# Bandit loves cat teasers



## Frolicking Ferrets (Mar 1, 2016)

My eu polecat Bandit loves this new cat teaser I brought for her and the ferrets, the ferrets aren't interested in it at all but Bandit loves playing tug of war with it and will rag doll it too


----------



## noushka05 (Mar 28, 2008)

lol So cute! Hes a gorgeous looking fella. Bandit has got a much darker mask than Jango has.


----------



## Frolicking Ferrets (Mar 1, 2016)

noushka05 said:


> lol So cute! Hes a gorgeous looking fella. Bandit has got a much darker mask than Jango has.


 Bandit may be cute but she's known for biting so she's the one that people handle with extreme caution because she's very unpredictable sometimes, likely because a she isn't a ferret and she's naturally more aggressive.
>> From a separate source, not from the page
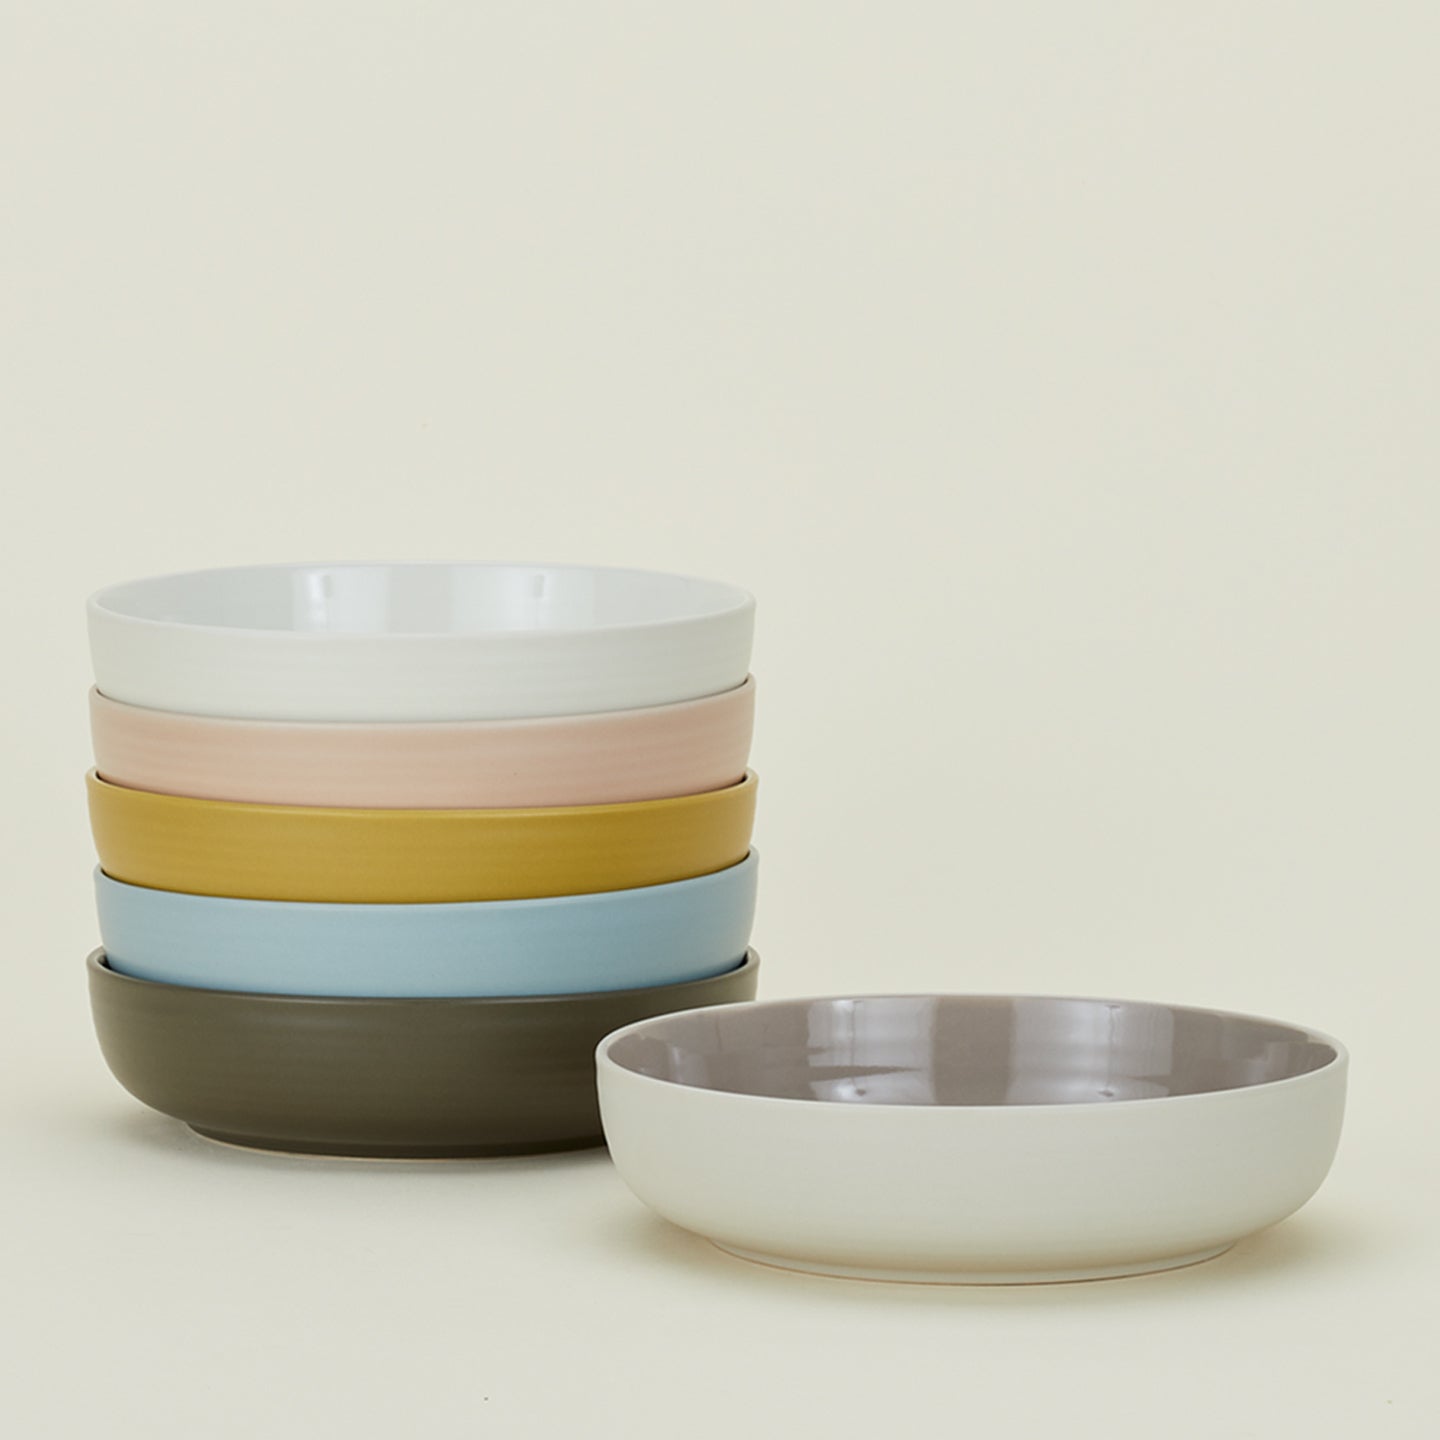 Stack of Essential Low Bowls in various colors.
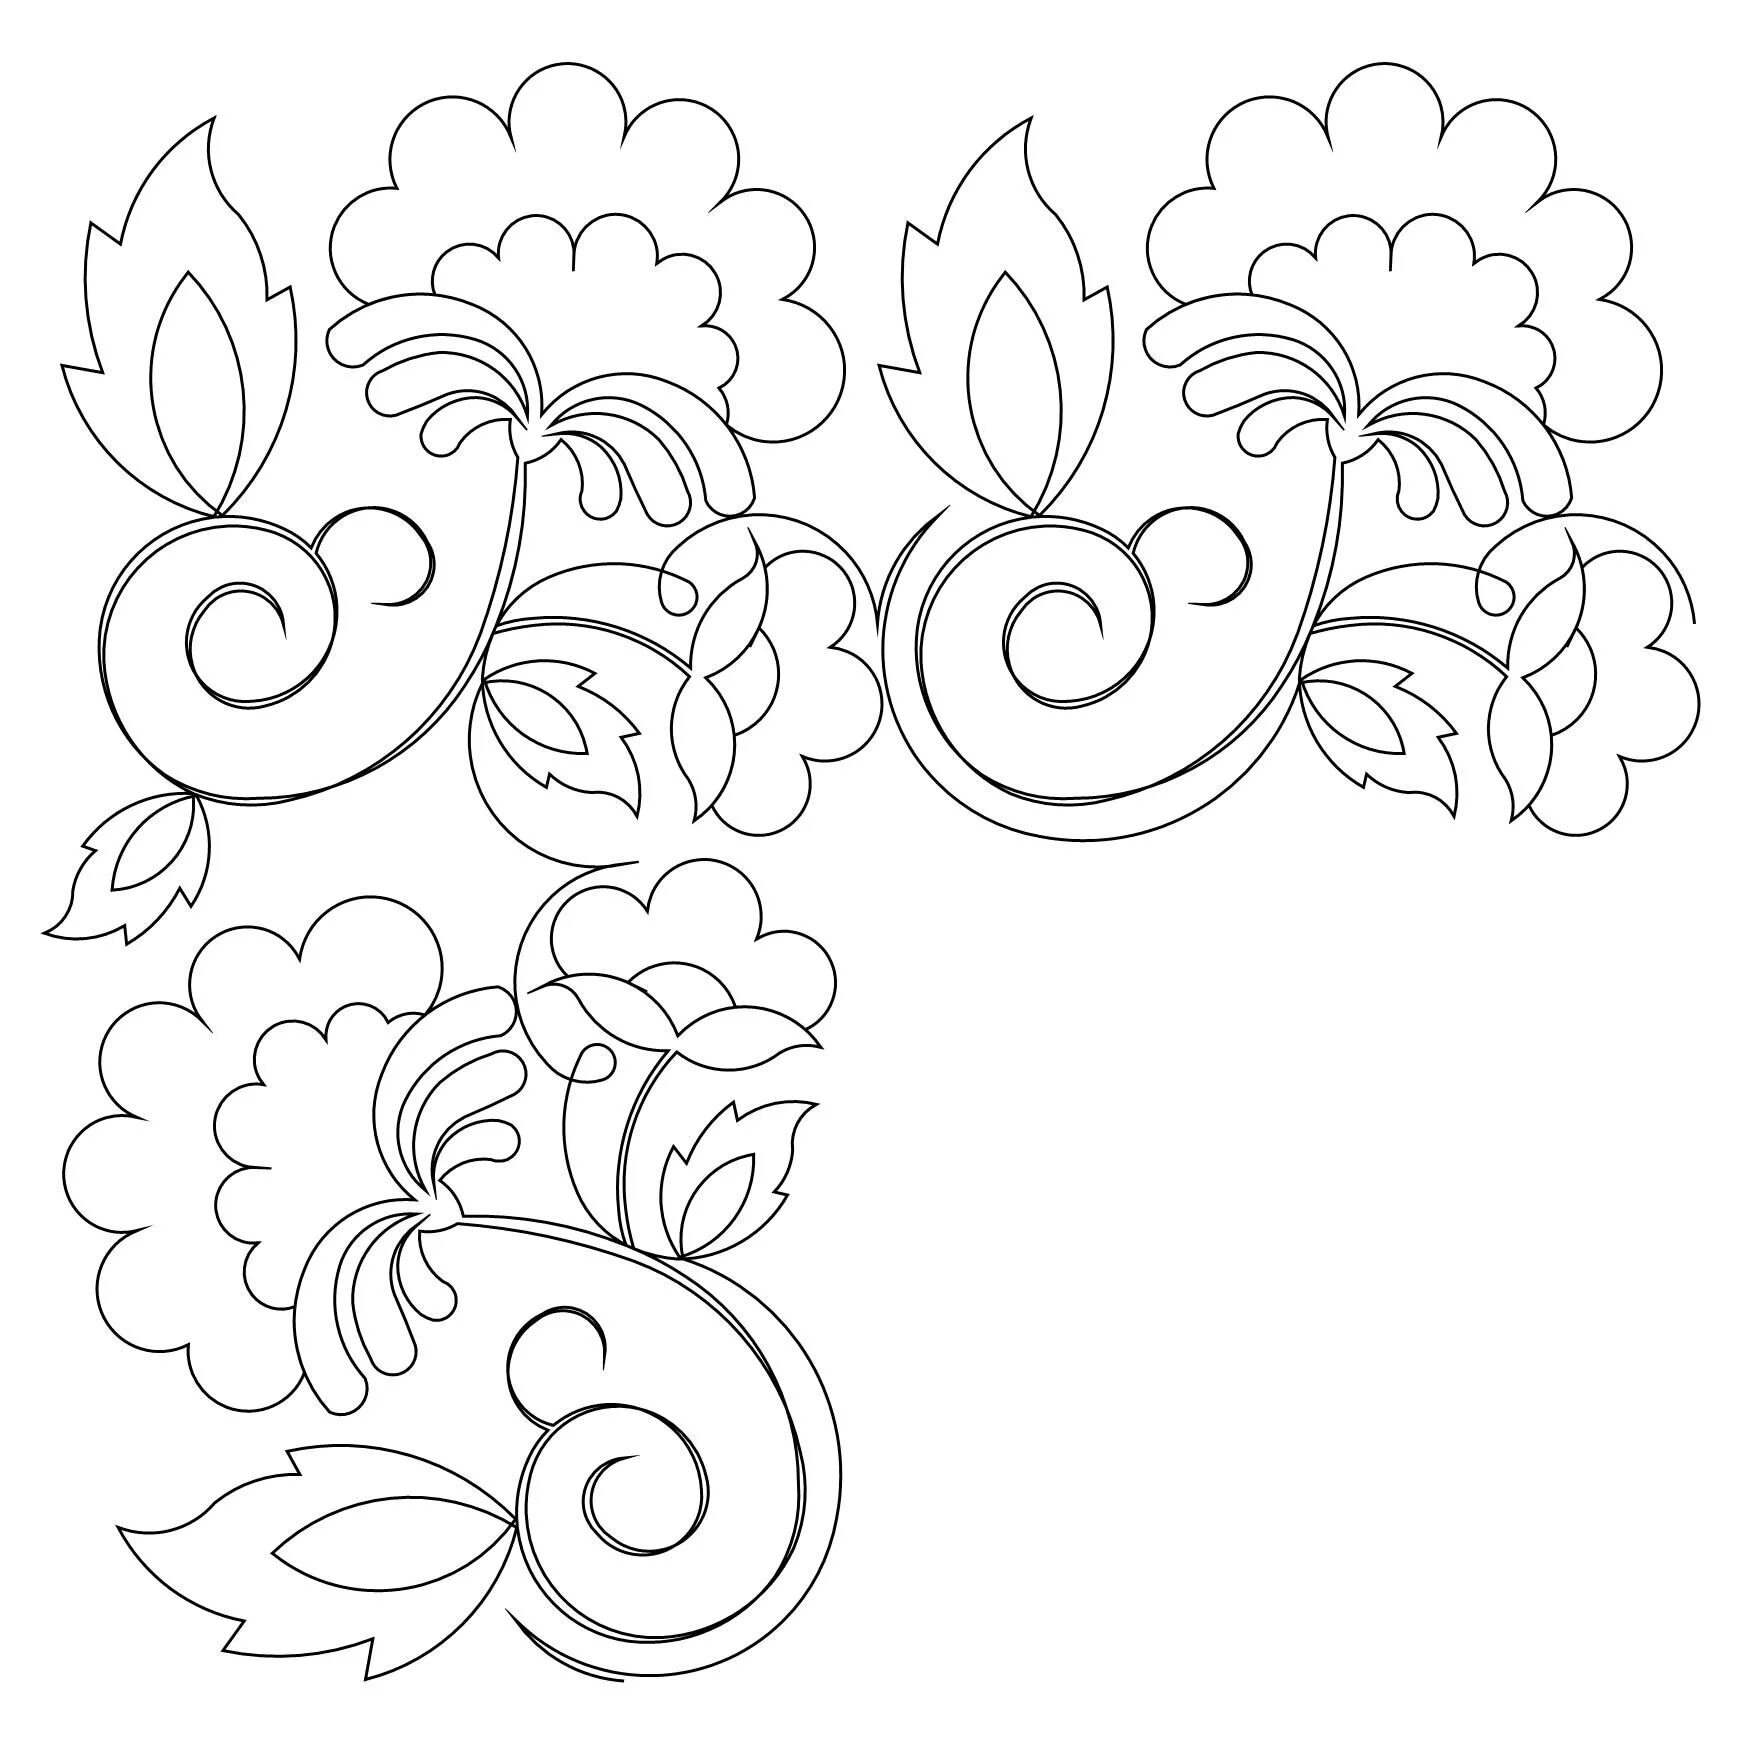 Coloring page glorious russian ornament

Her mask is darker because she's a European polecat, she goes jet black in the summer.


----------



## noushka05 (Mar 28, 2008)

So sorry for calling Bandit a he. We used to have a boy rabbit called Bandit, I guess thats why I assumed she too was also a boy. She is an absolute stunner!. I wouldnt have the confidence to handle her though lol. I was wary of handling these two at first. I would never have allowed them to play with hands, but now I tickle them when they're playing & rolling on their backs. Hope I haven't got too complacent lol


----------



## Frolicking Ferrets (Mar 1, 2016)

Don't worry about it  Plenty of people have mistaken her for a hob because of her name.


----------